Наверху, под потолком, шла по всему периметру мастерской длинная полка, на которой размещалась уникальная эпштейновская коллекция. Вернее, менее ценные экземпляры. Самые редкие и ценные хранились в застекленных стеллажах, которые Эпштейн называл своим музеем.
Это были не простые, знакомые Валере «ундервуды» и «ремингтоны», а невиданные чудовища с тевтонскими именами. Тут стояли «бликенсдерфер» — голый, костлявый динозавр, на лакированной красного дерева платформе, желтый «миттерхофер», почему-то похожий на ткацкий станок, и безумная круглая «грандер-виктория», и загадочный «дарт» — большое колесо на двух маленьких колесиках. И еще великолепная, высокая, с гордым викторианским бюстом, украшенная перламутровыми гирляндами и золотой филигранью машинка «крэндал», изобретение Люсьена Стивена Крэндала. «Ремингтон» тут тоже был, но это был не обычный «ремингтон» — это была первая в мире пишущая машинка, «Ремингтон № 2». Номер первый, как часто бывает с новшествами и изобретениями, сгинул на стадии разработки.

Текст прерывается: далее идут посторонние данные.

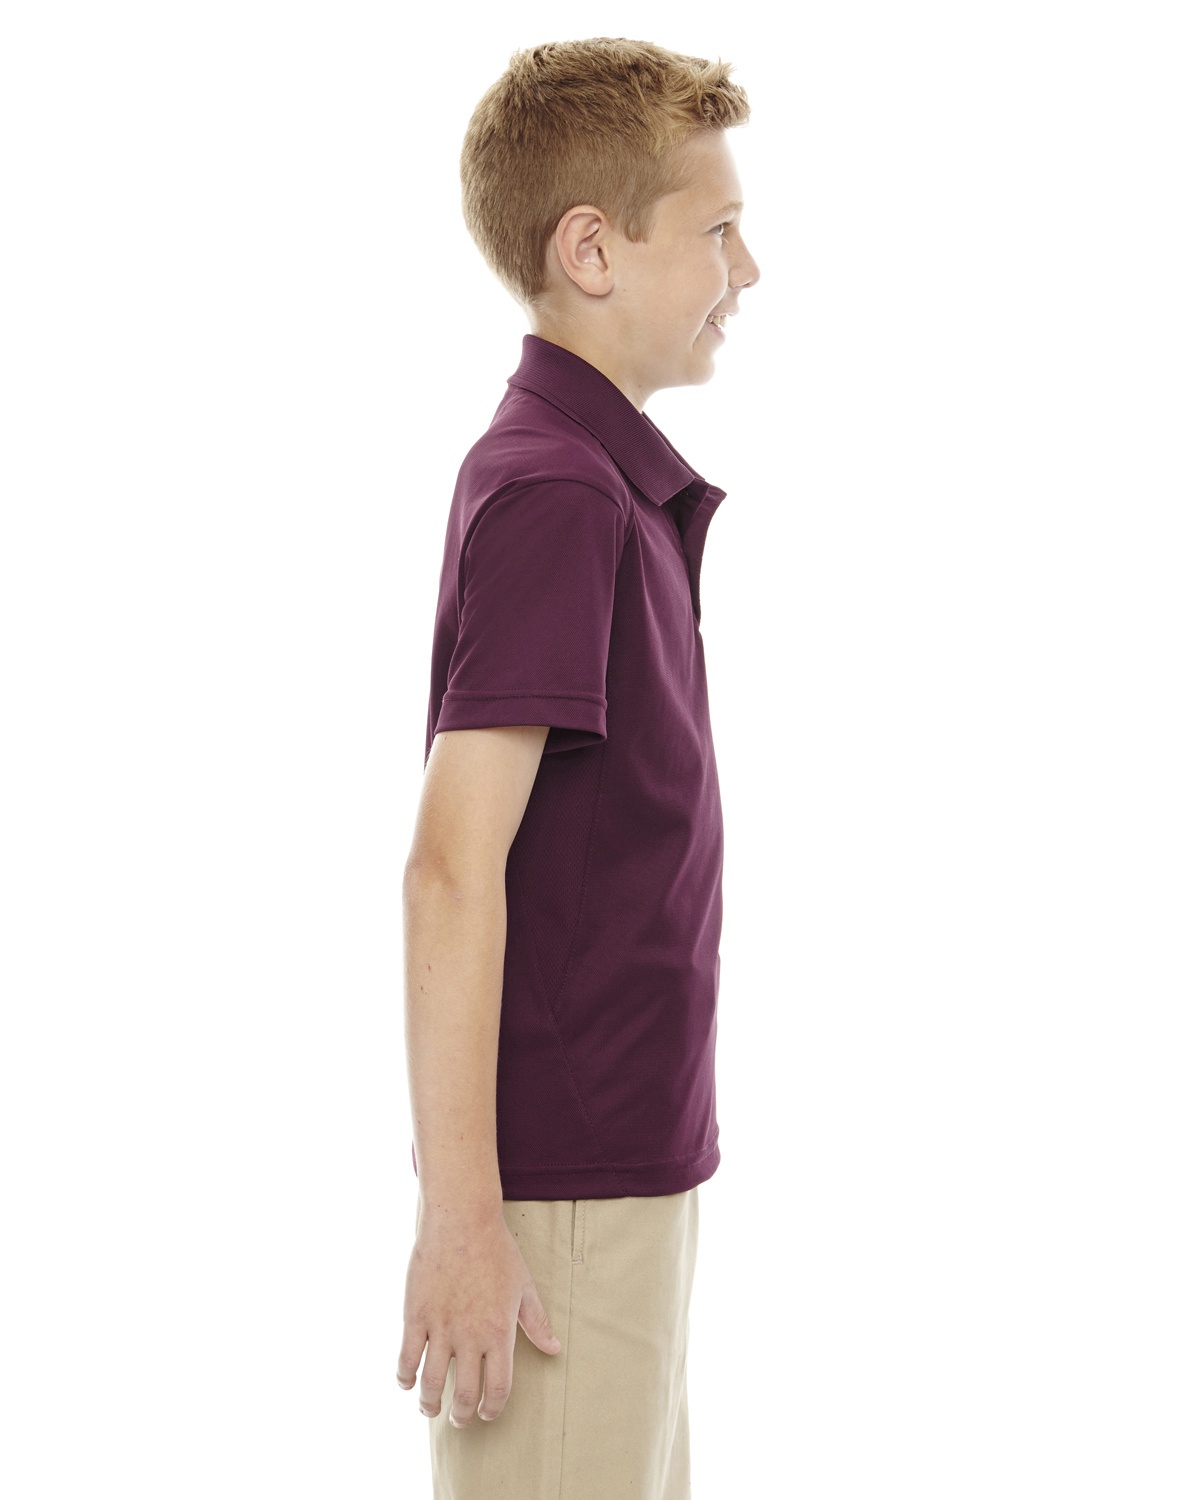 'Ash City - Extreme 65108 Youth Eperformance Shield Snag Protection Short-Sleeve Polo'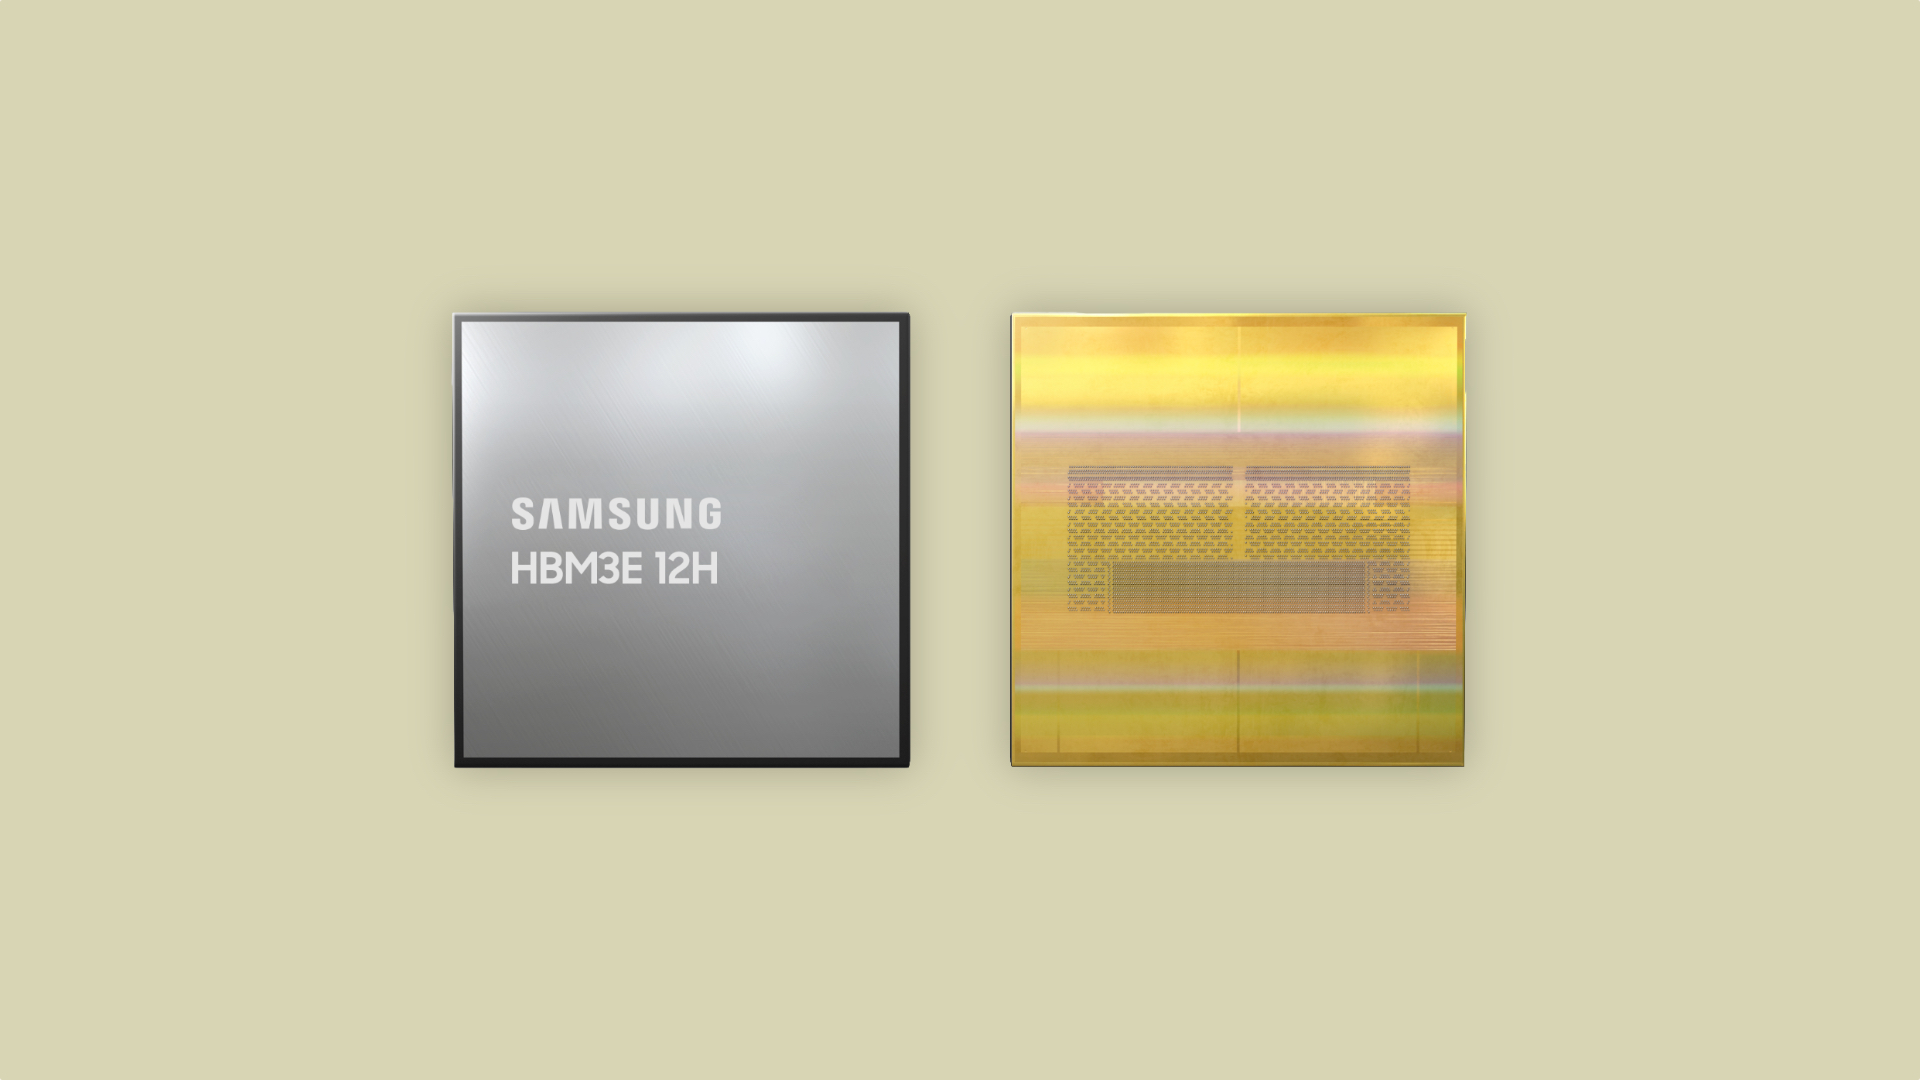 Samsung HBM3 chips failed Nvidia tests due to heat and power issues

Свои сокровища Эпштейн собирал долгие годы, расплачиваясь за них не деньгами — лишних никогда не было — а долгими часами работы, восстанавливая их из обломков и мусора. Среди его клиентов были многие знаменитости, даже несколько нобелевских лауреатов, чьи портреты с автографами украшали стены, и чьи машинки, полученные на обмен, тоже хранились за стеклом в музее, хотя были заурядные «Олимпии» и «Оливетти». Начиналась галерея портретом Марка Твена. Его машинку Эпштейн не чинил, но Марк Твен был первым, представившим в издательство машинописную копию своей рукописи.